Jake Owen singles chronology
| "Barefoot Blue Jean Night" (2011) | "Alone with You" (2011) | "The One That Got Away" (2012) |

= Alone with You (Jake Owen song) =

"Alone with You" is a song written by Shane McAnally, Catt Gravitt and J. T. Harding, and recorded by American country music artist Jake Owen. It is the eighth single of his career, and was released in October 2011 as the second single from his album Barefoot Blue Jean Night.
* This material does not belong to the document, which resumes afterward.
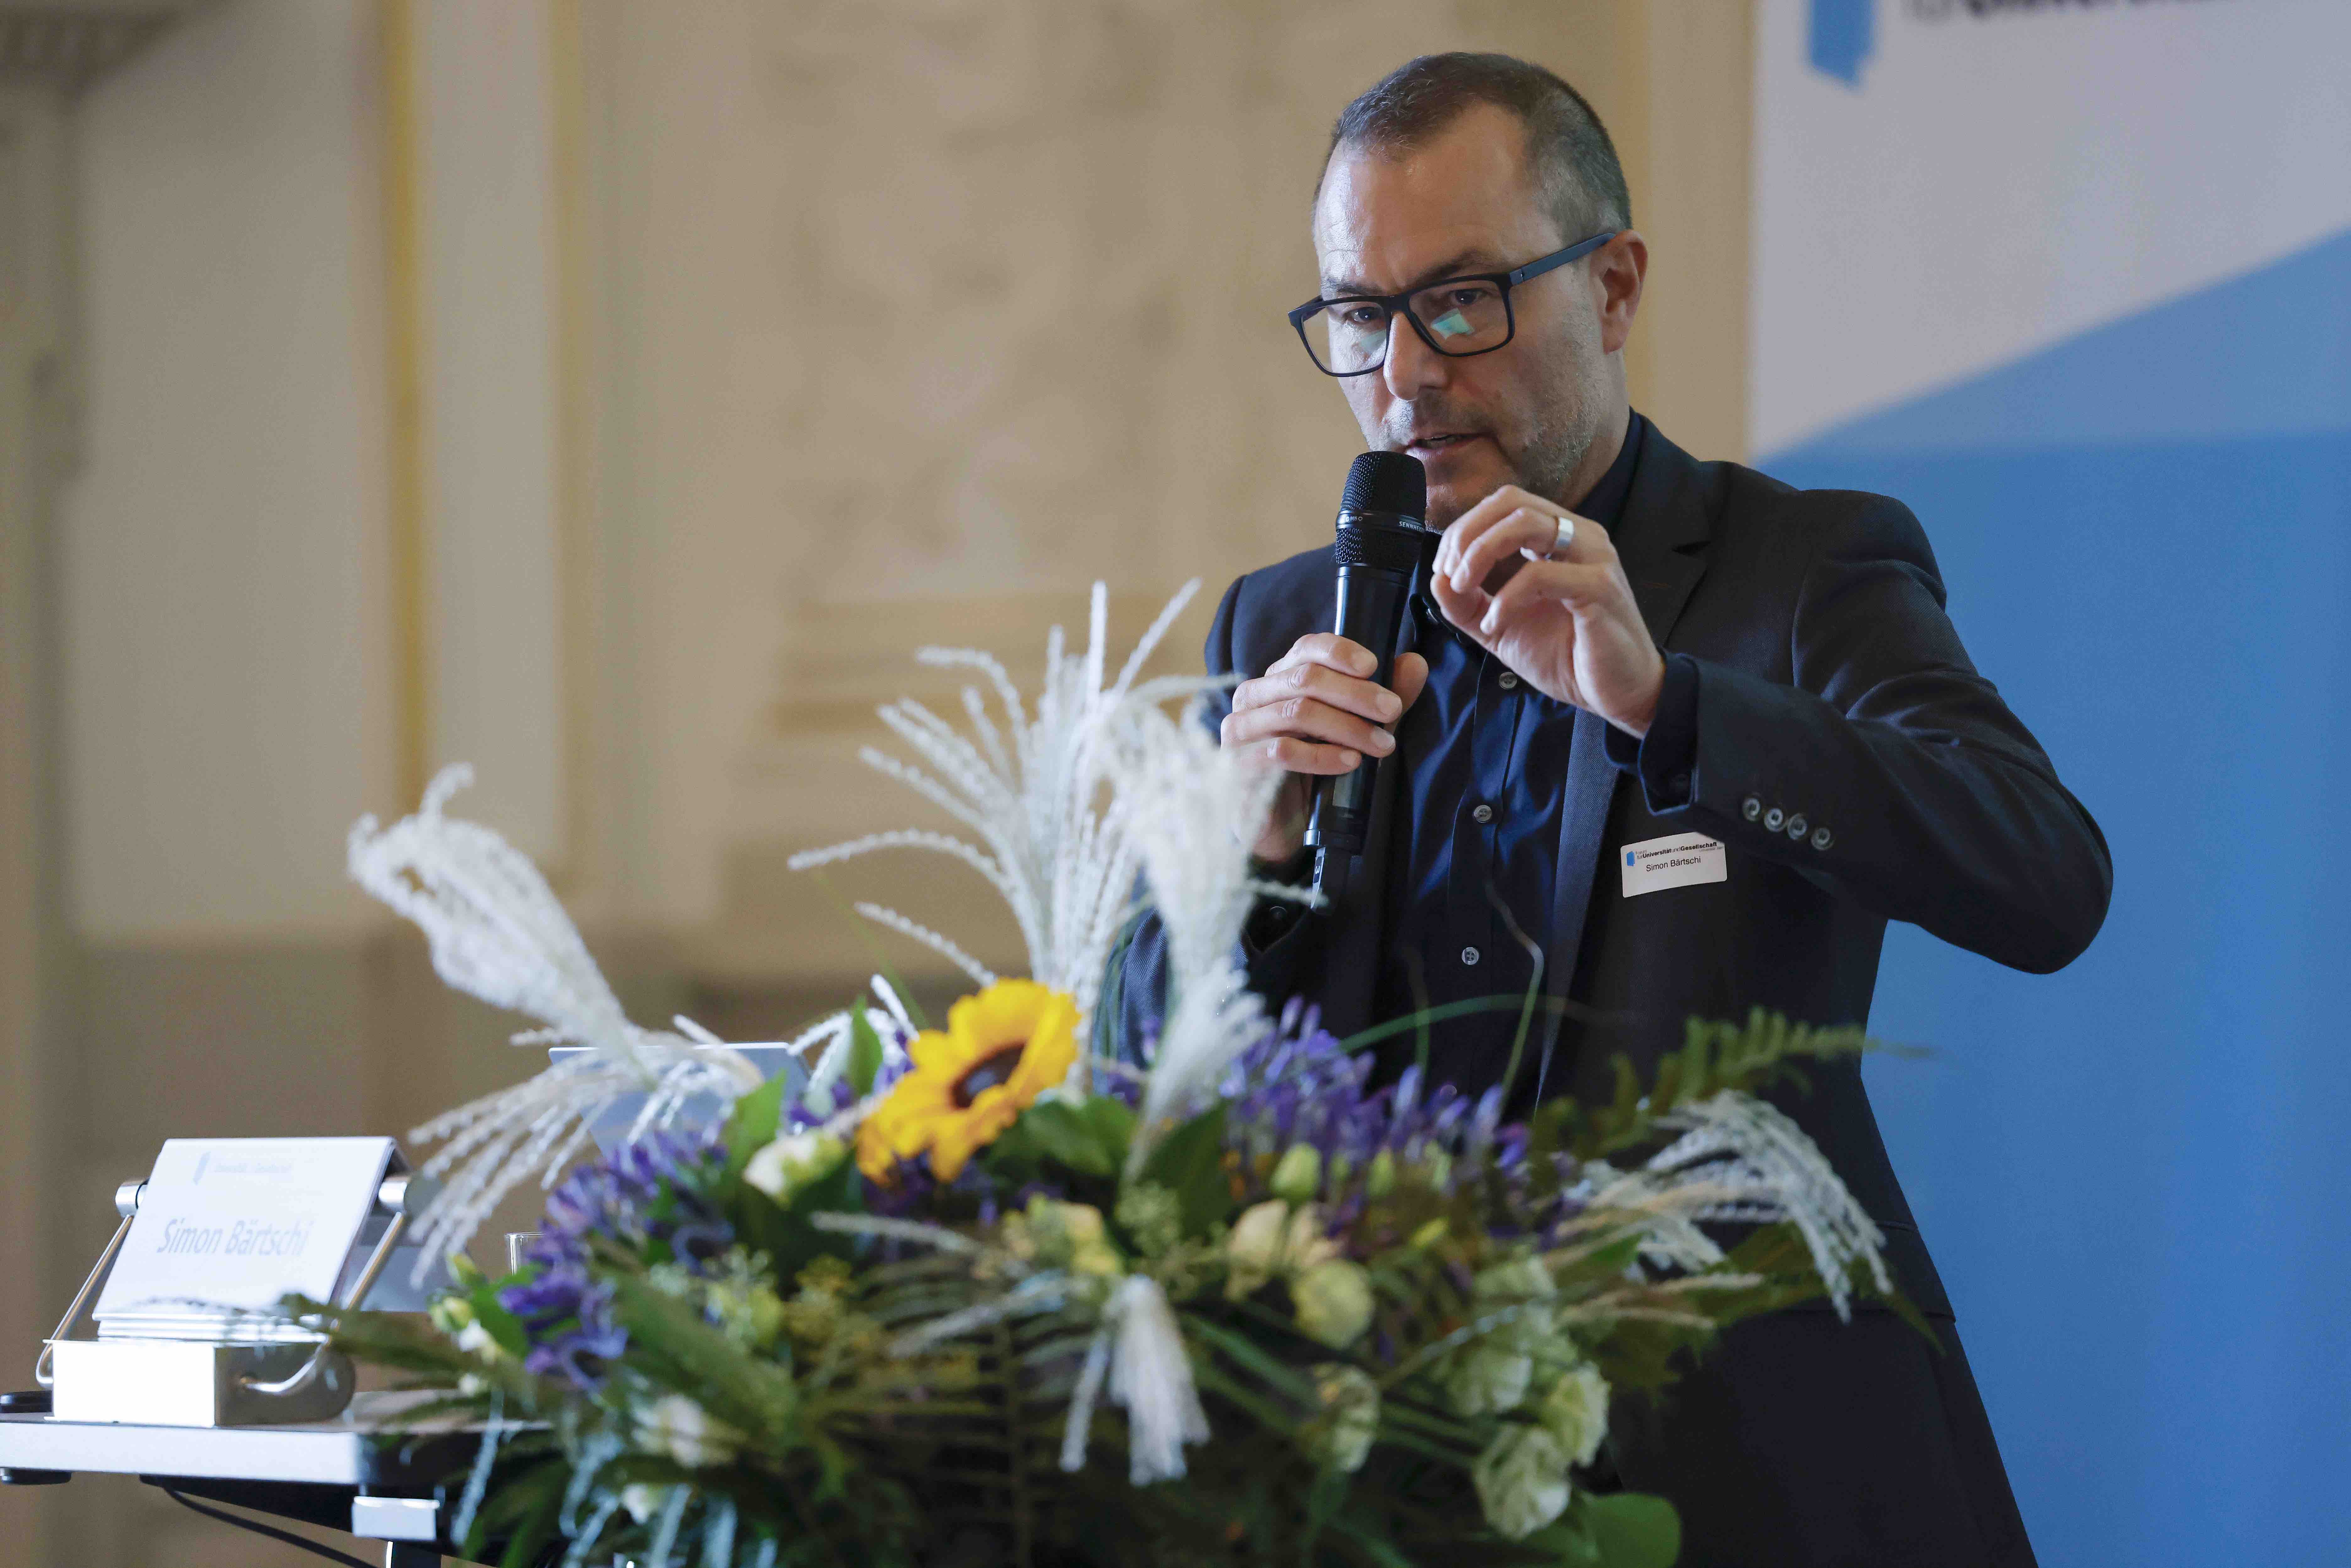 Der Referent Simon Bärtschi (Chefredaktor Berner Zeitung) steht während seinem Vortrag hinter dem Rednerpult, daneben ist ein Blumenstrauss abgestellt.

It achieved commercial success, becoming Owen's second number one single.

==Content==
The song is in the key of G major with a moderate tempo, a vocal range of B3-C5 and a main chord pattern of GM7-Em7-C.

==Critical reception==
Billy Dukes of Taste of Country gave the song three and a half stars out of five, saying that "with somewhat thin lyrical content, the song needs that genuine delivery to push it to colossal levels of greatness," adding that although "Owen doesn't own this as he has his more successful hits," he is "talented enough that his good is another singer's great." Giving it four stars out of five, Bobby Peacock of Roughstock praised the "straightforward but effective lines" and said that it was "overall a very different sound for the usually upbeat Owen, and he pulls it off. "

==Music video==
The music video was directed by Mason Dixon and premiered in December 2011. It stars Miss USA 2009 Kristen Dalton as his love interest.

==Chart performance==
"Alone With You" debuted at number 56 on the U.S. Billboard Hot Country Songs chart for the week of October 15, 2011. It also debuted at number 90 on the U.S. Billboard Hot 100 chart for the week of December 24, 2011.
It has since become a number 1 hit.

| Chart (2011–2012) | Peak position |
|---|---|
| US Hot Country Songs (Billboard) | 1 |
| US Billboard Hot 100 | 41 |
| Canada Hot 100 (Billboard) | 69 |

===Year-end charts===

| Chart (2012) | Position |
|---|---|
| US Country Songs (Billboard) | 14 |

==Certifications==

| Region | Certification | Certified units/sales |
| United States (RIAA) | Platinum | 1,000,000^{‡} |
^{‡} Sales+streaming figures based on certification alone.